2. See also Cellular Sales of Missouri, LLC v. National Labor Relations Board, ___ F.3d ____, 2016 WL 3093363, *2 (8th Cir. June 2, 2016) ("we conclude that Cellular Sales did not violate section 8(a)(1) [of the NLRA] by requiring its employees to enter into an arbitration agreement that included a waiver of class or collective actions in all forums to resolve employment-related disputes"); Sutherland v. Ernst & Young LLP, 726 F.3d 290, 296-97 & n.8 (2nd Cir. 2013) (observing that "every Court of Appeals to have considered this issue has concluded that the FLSA does not preclude the waiver of collective action claims" and declining to adopt the NLRB's conclusion "that a waiver of the right to pursue a FLSA claim collectively in any forum violates the" NLRA); Siy v. CashCall, Inc., 2014 WL 37879, *15 (D. Nev. Jan. 6, 2014) ("In short, the overwhelming weight of authority supports Defendant's position that an arbitration agreement containing a collective action waiver of FLSA claims is valid and enforceable under the FAA."). The Eleventh Circuit has not definitively adjudicated this question, but has observed that "all of the circuits to address this issue have concluded that § 16(b) [of the FLSA] does not provide for a non-waivable, substantive right to bring a collective action." Walthour v. Chipio Windshield Repair, LLC, 745 F.3d 1326, 1336 (11th Cir. 2014); see generally Curbelo v. Autonation Ben. Co., 2015 WL 667655, *4 (S.D. Fla.
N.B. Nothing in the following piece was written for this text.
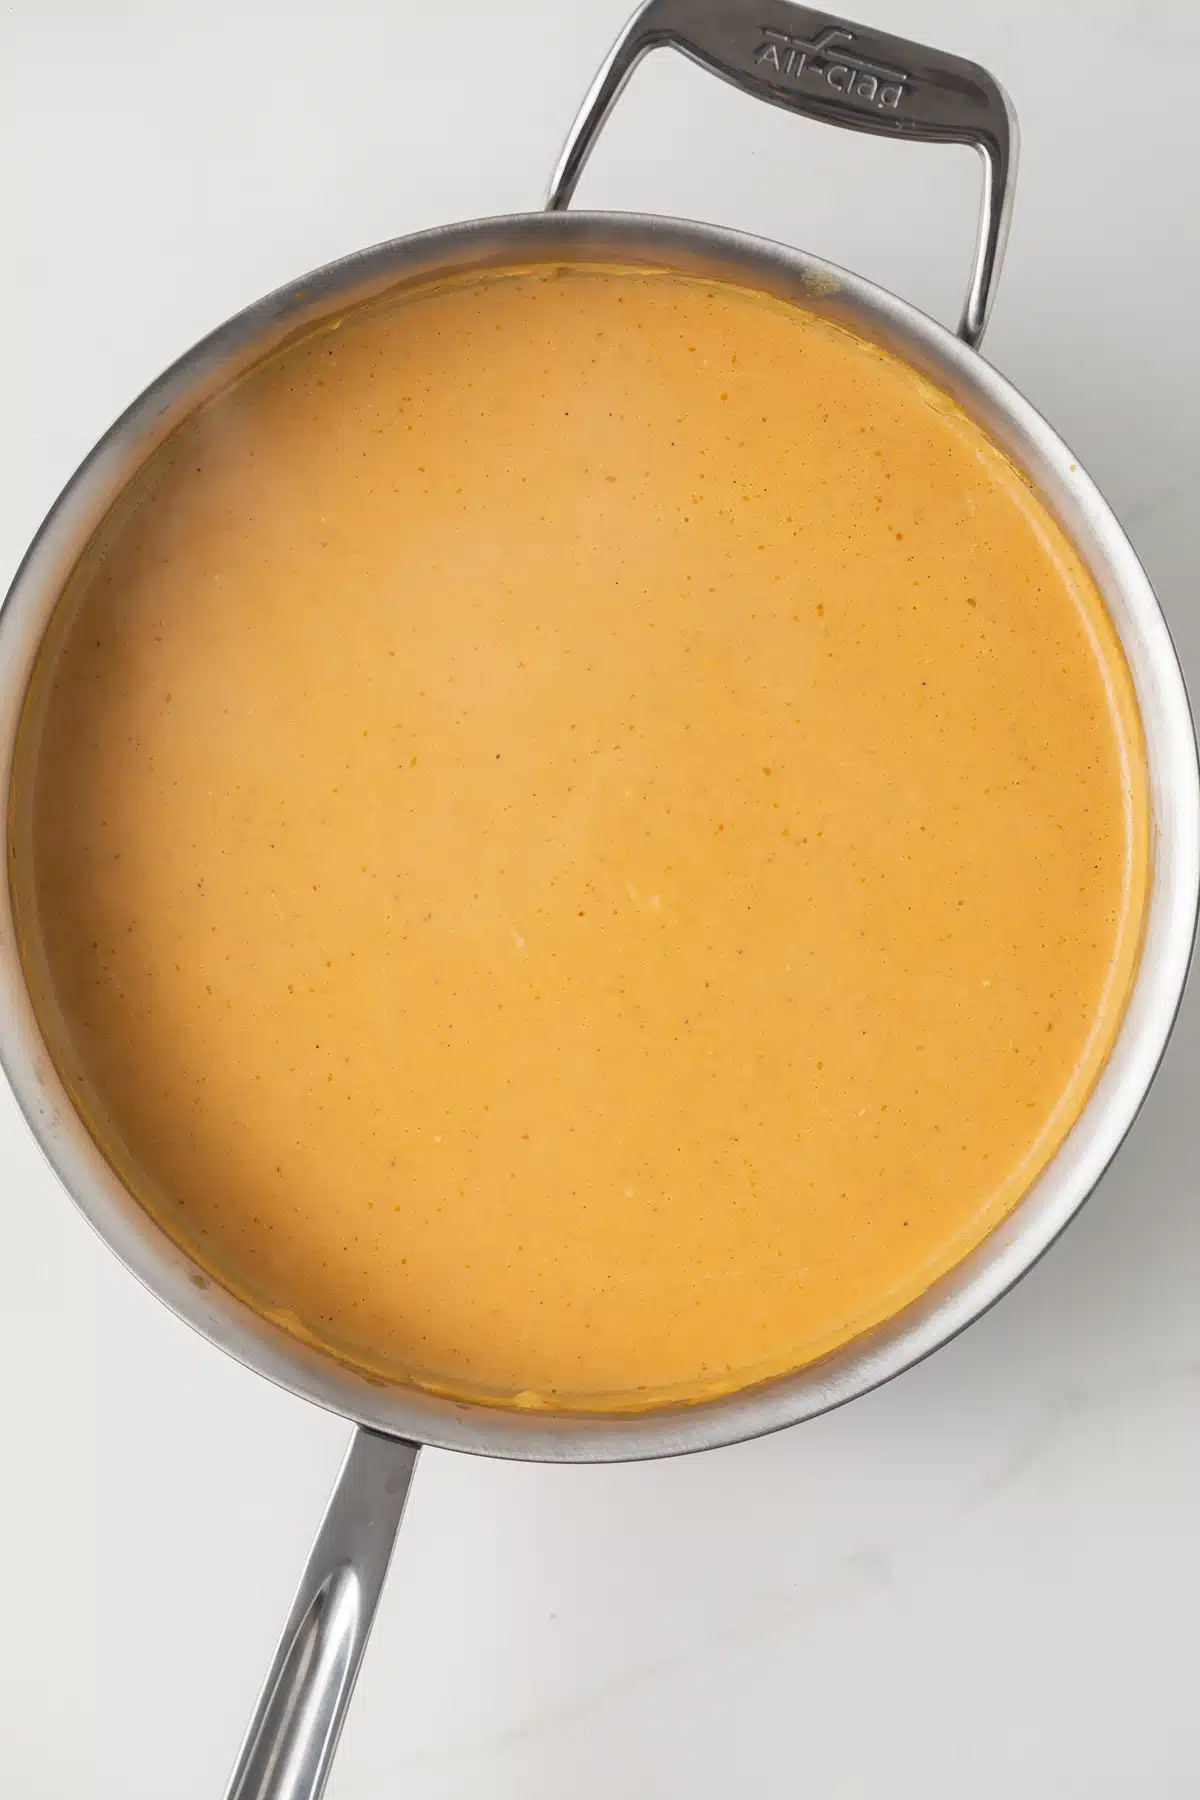 Pumpkin pasta sauce in a skillet.

Feb. 17, 2015) ("Plaintiff's arbitrability argument regarding her waiver, through the Arbitration Agreement, of her collective action rights under the FLSA is directly contrary to Eleventh Circuit precedent."); De Oliveira v. Citicorp North America, Inc., 2012 WL 1831230, *1 (M.D. Fla. May 18, 2012) ("The Court agrees with Defendants that the law of the Eleventh Circuit upholds the enforcement of arbitration agreements waiving an individual's right to pursue collective claims under the FLSA."); Zekri v. Macy's Retail Holdings, Inc., 2010 WL 4660013, *1 (N.D. Ga. Nov. 4, 2010) ("Eleventh Circuit case law also supports the conclusion that arbitration agreements may validly require waiver of statutory rights to bring class or collective actions.").
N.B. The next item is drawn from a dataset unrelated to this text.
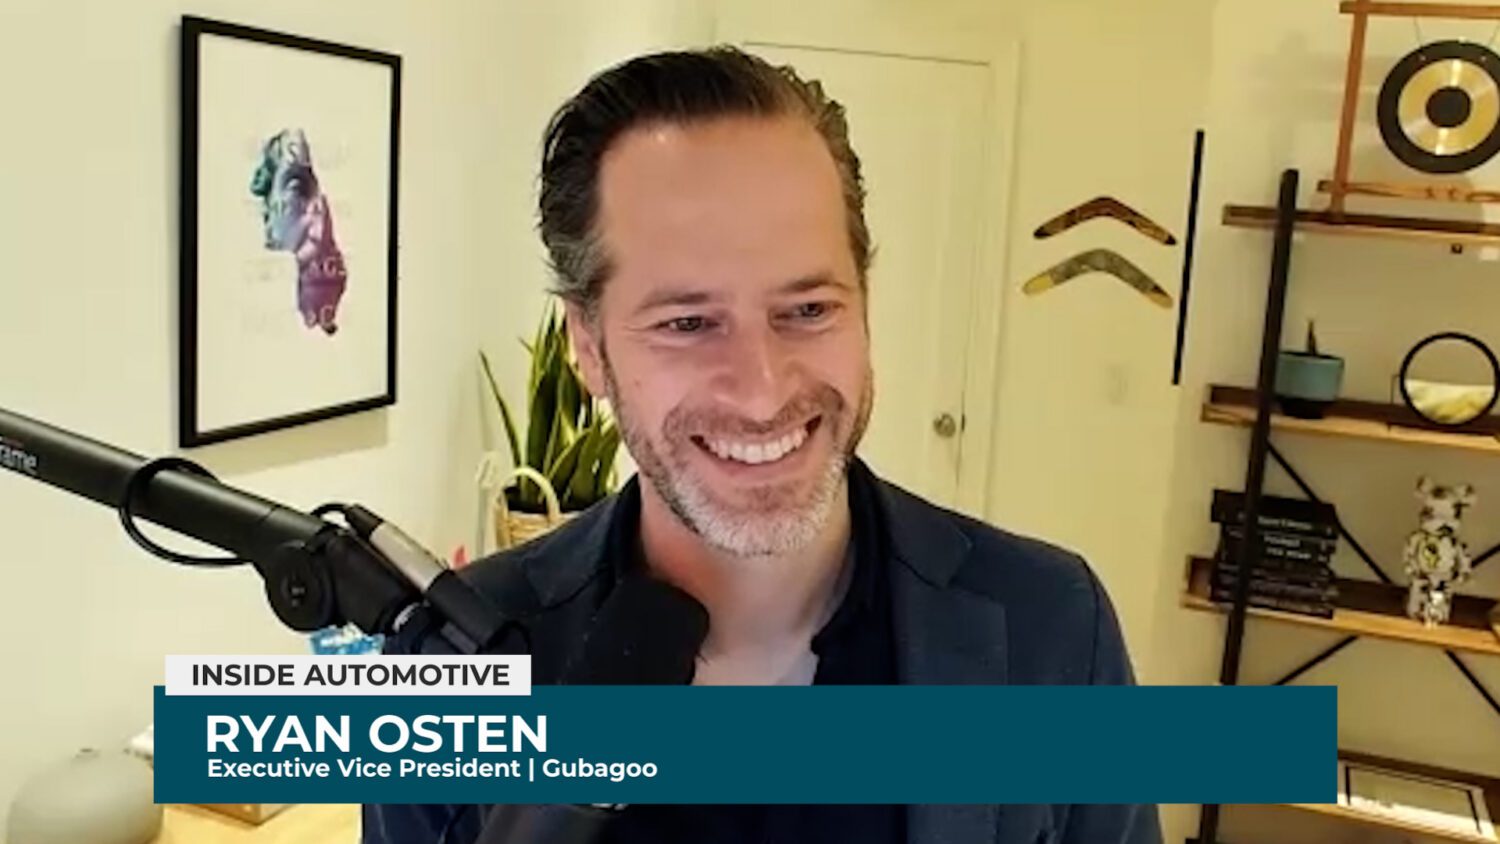 Ryan Osten joins Inside Automotive to discuss digital retail

3. See also Ex parte Celtic Life Ins. Co., 834 So.2d 766, 769 (Ala. 2002) (recognizing that "this Court has frequently excised void or illegal provisions in a contract, even in the absence of a severability clause, and enforced the remainder of the contract"); Bodine v. Cook's Pest Control, Inc., 2015 WL 3796493, *4 (N.D. Ala. June 18, 2015) ("[I]n view of the clear and well-settled Alabama law favoring severability, as well as the FAA's requirement that arbitration agreements be treated no less favorably than other contracts under state law, the severability clause in this case should be applied to prevent any invalid provisions from destroying the entire agreement to arbitrate.").